Far from having abandoned his search for an original colour scheme during the last years of his life, Murashko paid increasing attention to integrity in modelling his forms. At this time many of his productions, of which Woman with Nasturtiums (1918) serves as a striking example, combined rich colour with austere texture of form. His Florists (1917) was evidence of a new approach and boldness in his artistic pursuits. Its saturated colours and compositional elements are bound together into one whole with unusual mastership.
Murashko was also prolific in graphic portraiture. The portraits of Yekaterina Mukalova, Sophia Filipson, Lyudmila Kovalevskaya and others, which he did in charcoal and pastel, are remarkable for their perfection of draughtsmanship and artistry, and hold a significant place in his heritage.

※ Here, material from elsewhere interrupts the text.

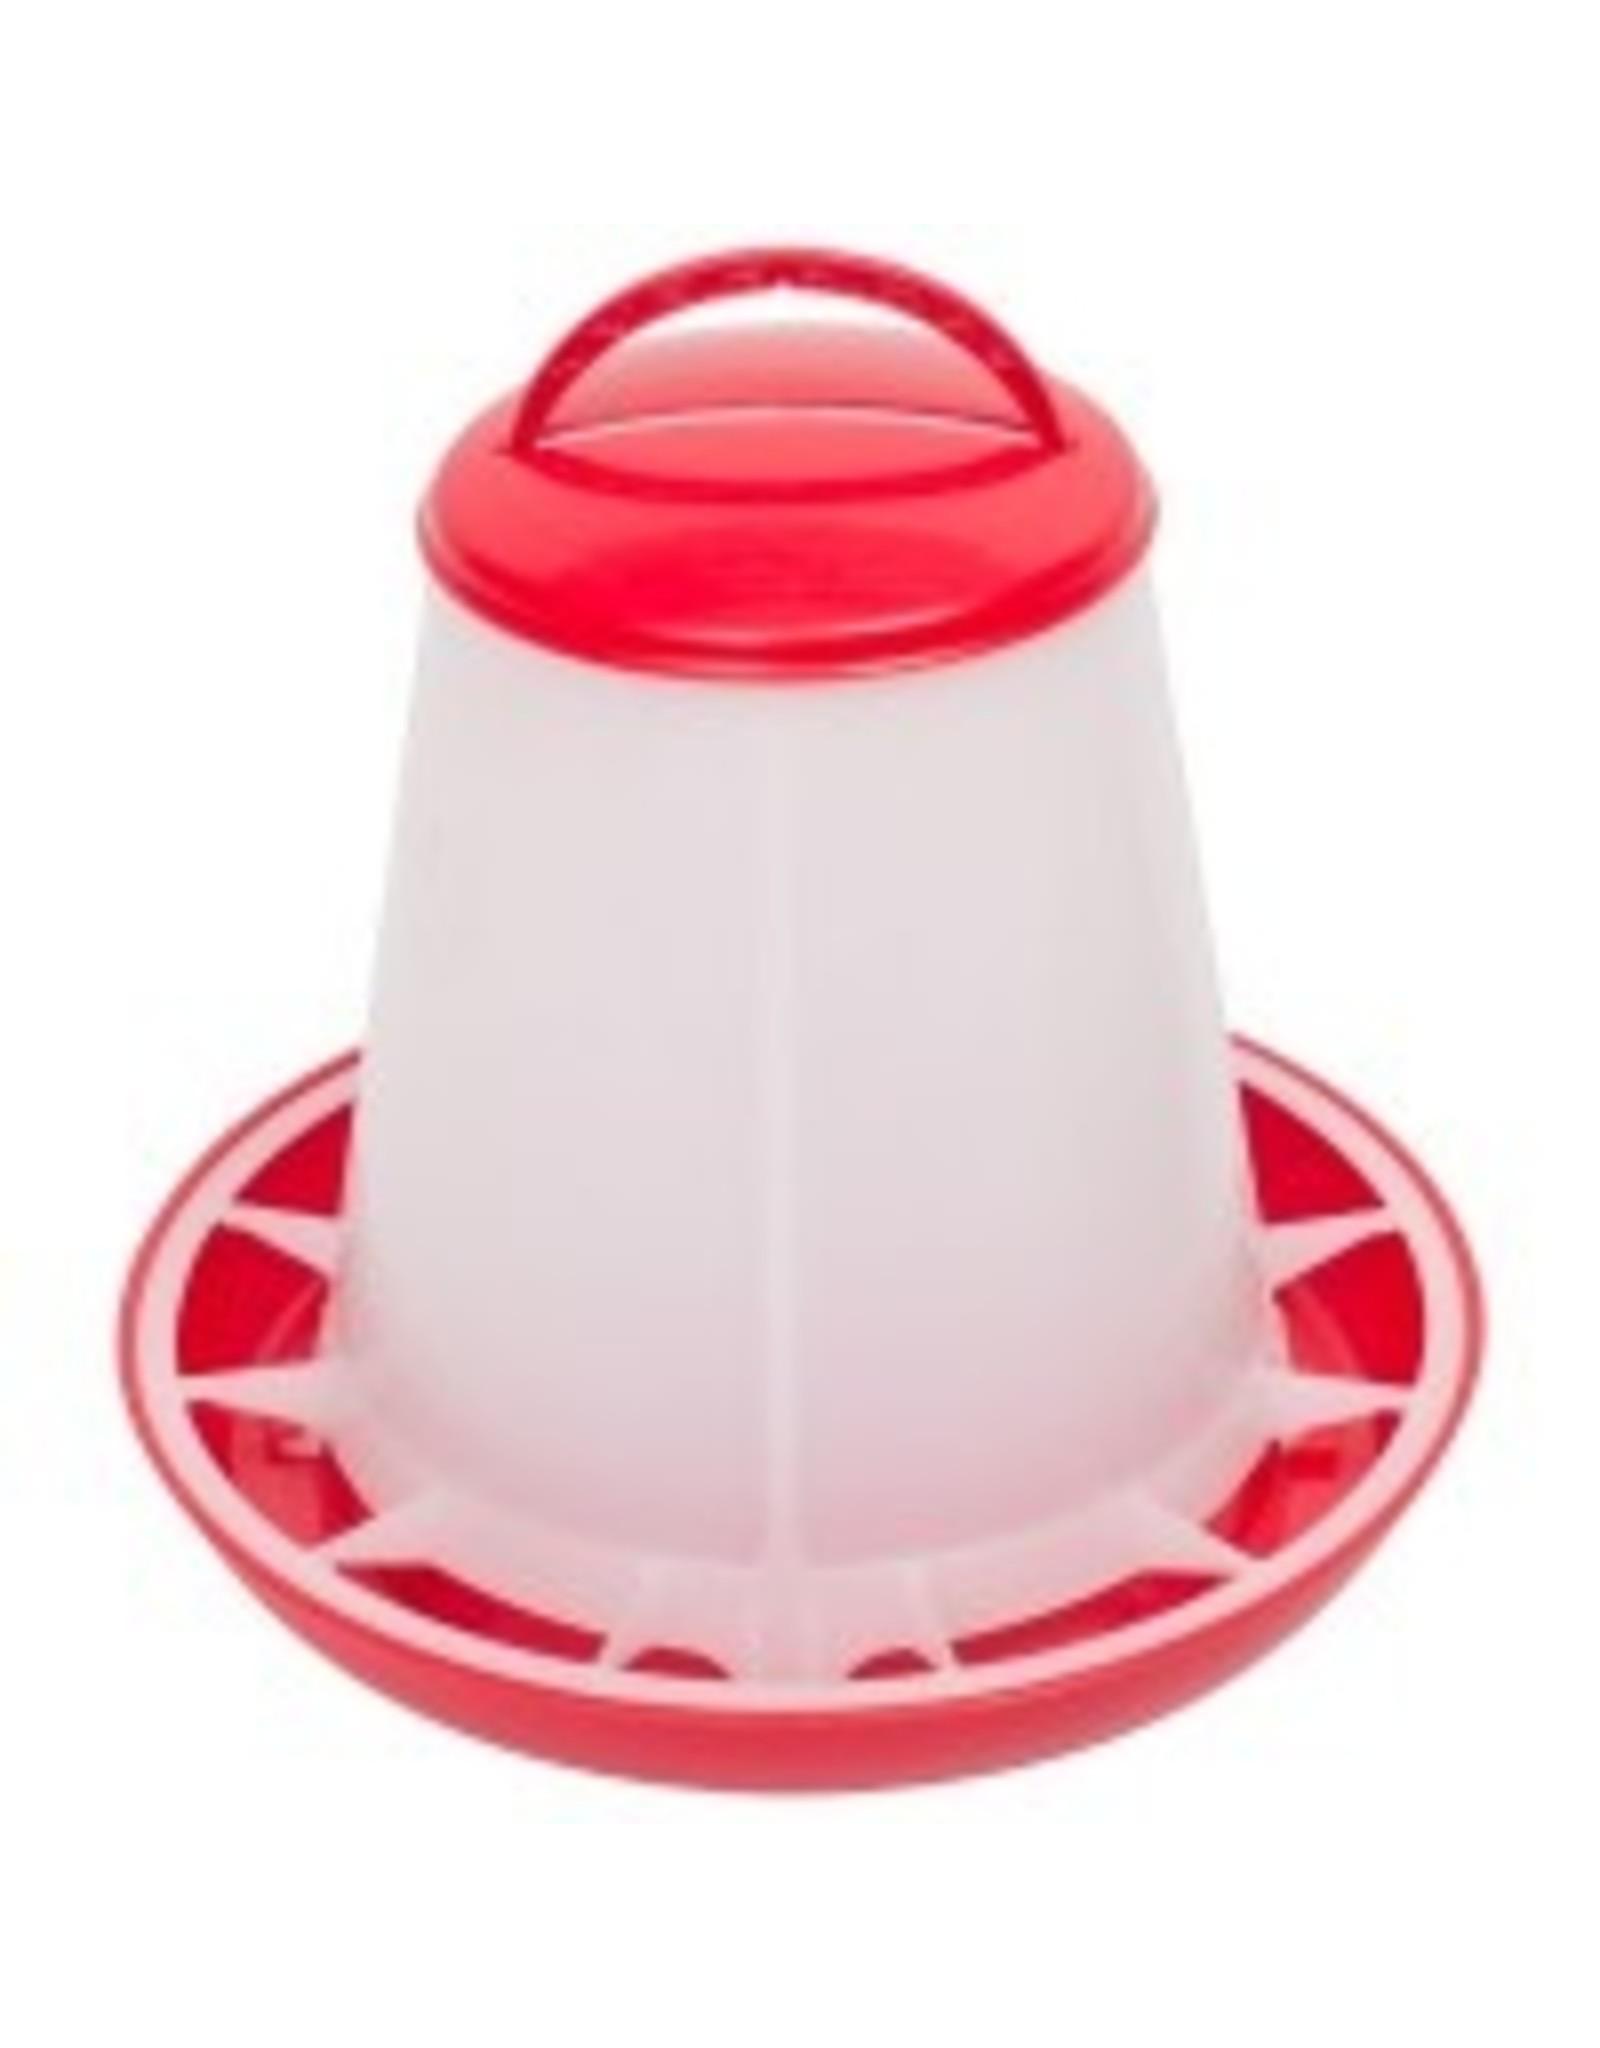 Drink/ Voerbakken voerbak plastic 10kg - 1 Stuks

In 1916 Murashko organized the Society of Kiev Artists, which had a broad and varied programme. As an instructor, Murashko left a lasting imprint on his following. He taught at the Kiev Art School from 1908 to 1912, at his own studio which he opened in 1913, and at the Ukrainian Academy of Art in Kiev, where he held a professorship from 1917. Olexandr Murashko’s life was tragically cut short on June 14, 1919. His creativity embraced one of the most complex and controversial periods in the history of Ukrainian art, when new ideas were being asserted in painting. And he was one of the artists who championed the advancement of these ideas.